8.4 is at the door... and the only choice I have to fix the problem
on that box is:
- upgrade to lenny
- build postgresql from source, that is going to be a maintenance
  pain.

Could anything related to vacuum and/or gin index had been fixet
between 8.3.4 and 8.3.6?

I think that if I'll stick with some rituals I can live with it.
Avoid vacuum full when there is load and restart the server before
doing it.

[1] slow vacuum full and gin index update

--
Ivan Sergio Borgonovo
http://www.webthatworks.it

Re: recovery after segmentation fault

From

Craig Ringer

Date:

08 April 2009, 23:38:26

Martijn van Oosterhout wrote:
> On Wed, Apr 08, 2009 at 05:24:08PM +0200, Ivan Sergio Borgonovo wrote:
>> How on Debian?
>> Debian does all it's automagic stuff in init.
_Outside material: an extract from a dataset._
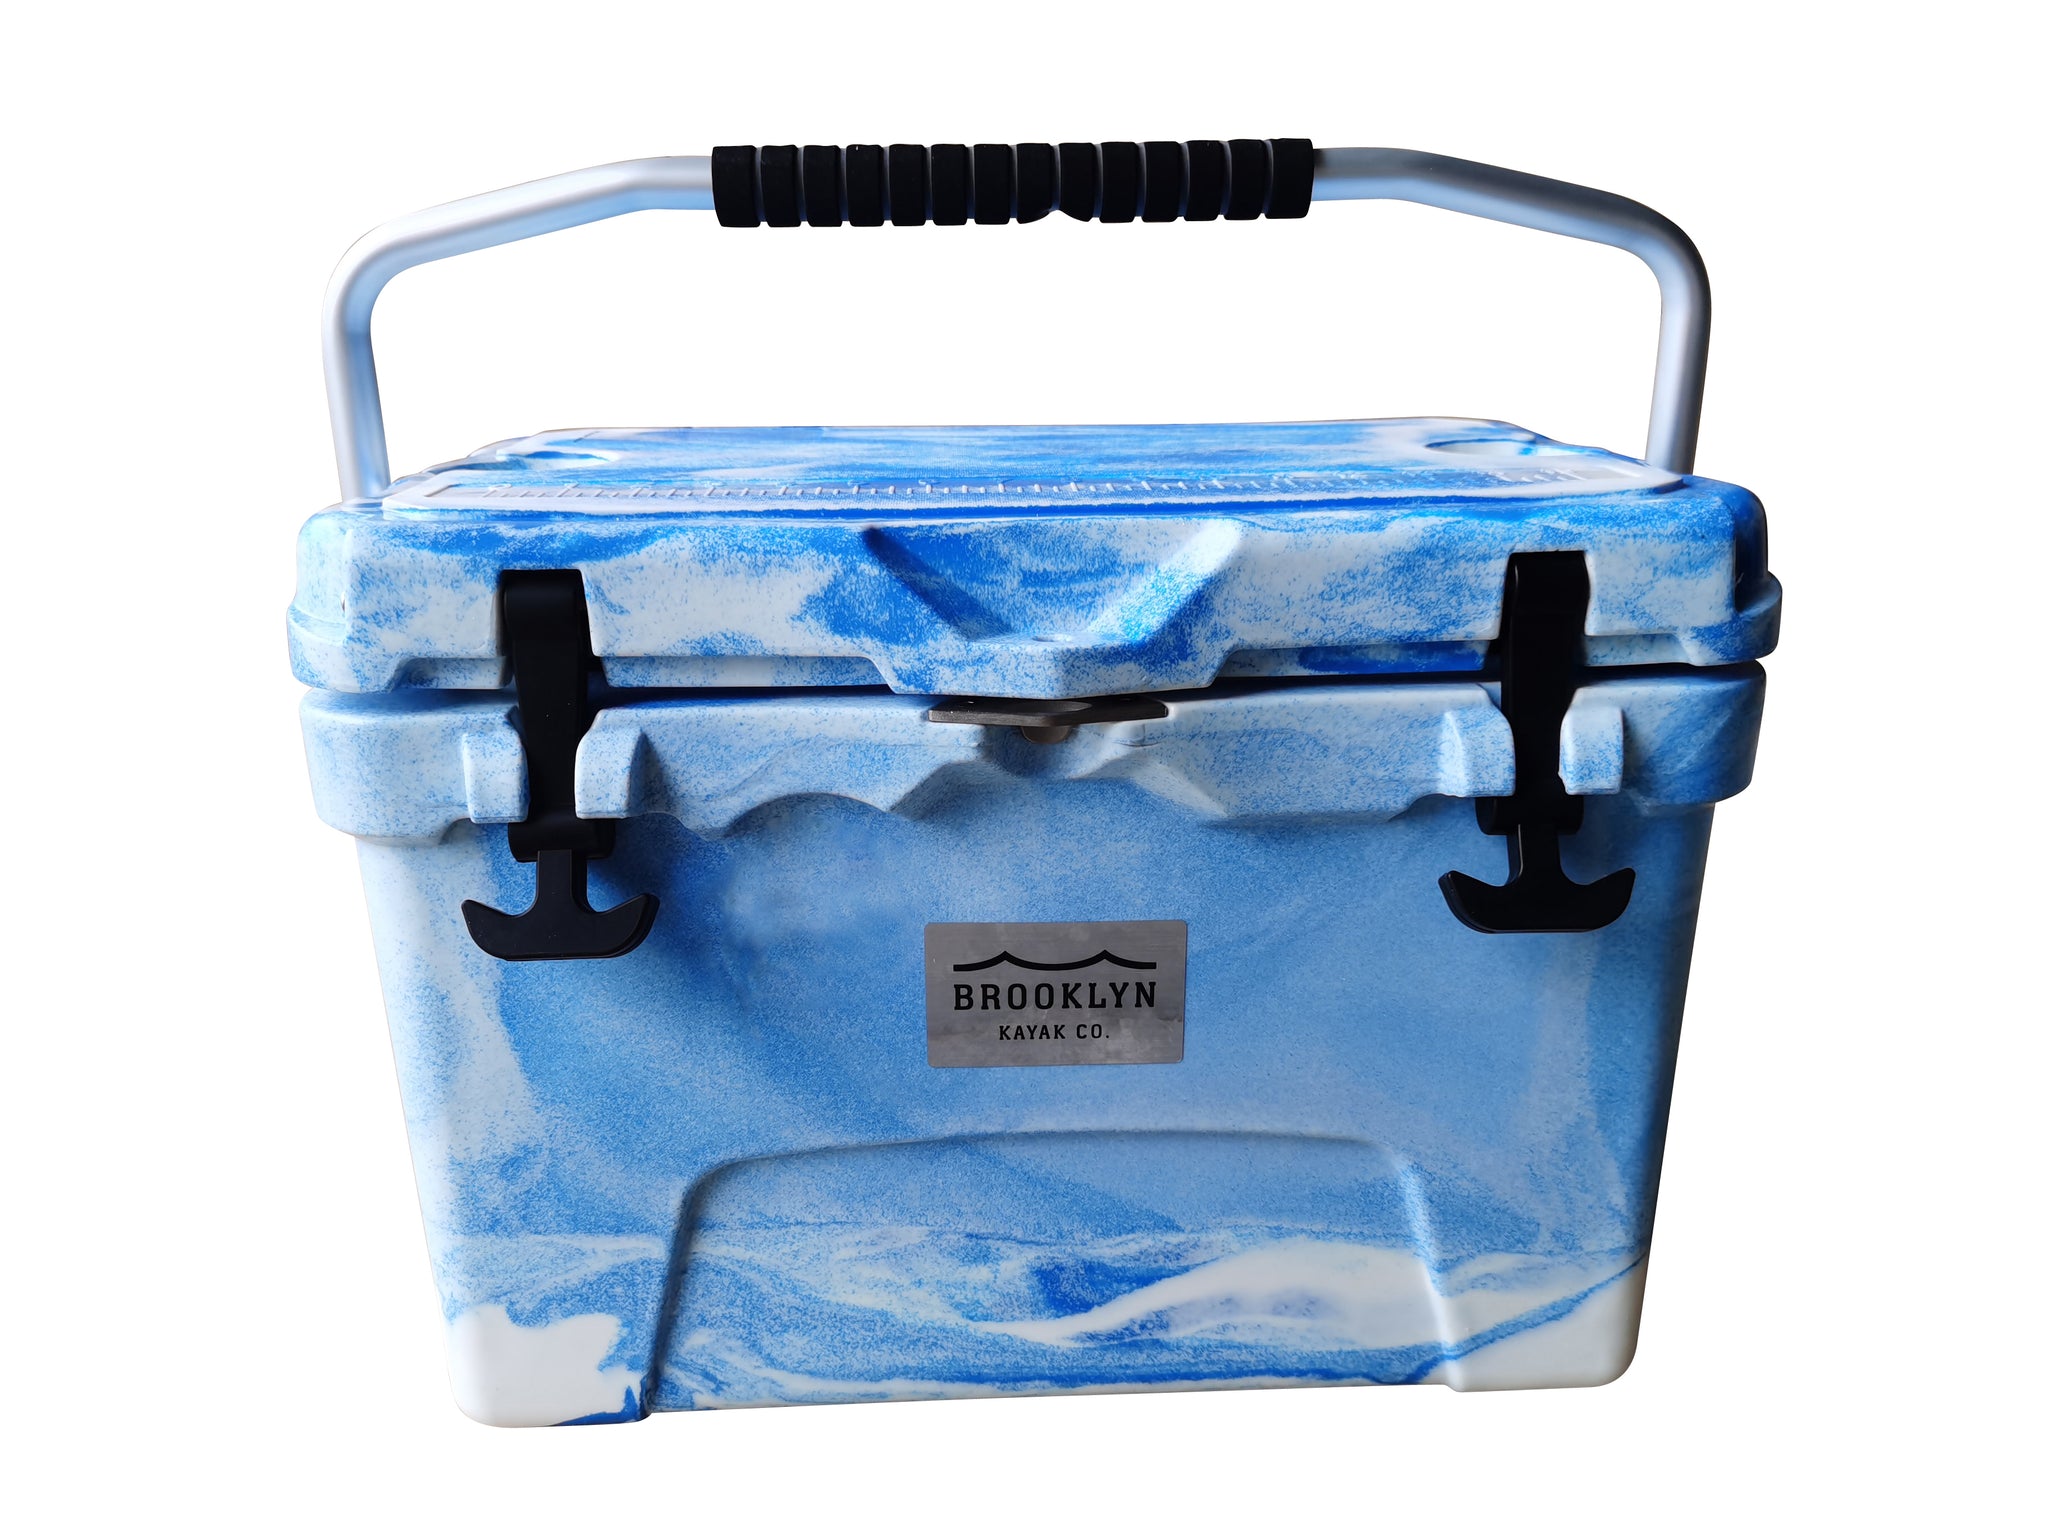  16L Commercial Insulated Rice Barrel, Refrigerated Transport  Bucket with One Botton Exhaust, Iced Container Beverage Carrier Dispenser  for Food Or Cold & Hot Drinks,Blue: Home & Kitchen

I never learned how to
>> start pg manually.
>
> What might be easier is turning on core dumps (ulimit -S -c unlimited)
> and then start postgres and see if it drops a core dump, which you can
> then feed to gdb.

Note that ulimit is inherited by child processes; it doesn't apply
system wide. You'll need to set the ulimit somewhere like the postgresql
init script, where the postmaster is a child of the shell in which the
ulimit command is run.

Also, because Debian strips its binaries by default, you might need to
rebuild the postgresql packages with debugging enabled and without
stripping to get a useful backtrace. Worth a try anyway, though.

Does Debian have a repository full of debug symbol packages like Ubuntu
does?

--
Craig Ringer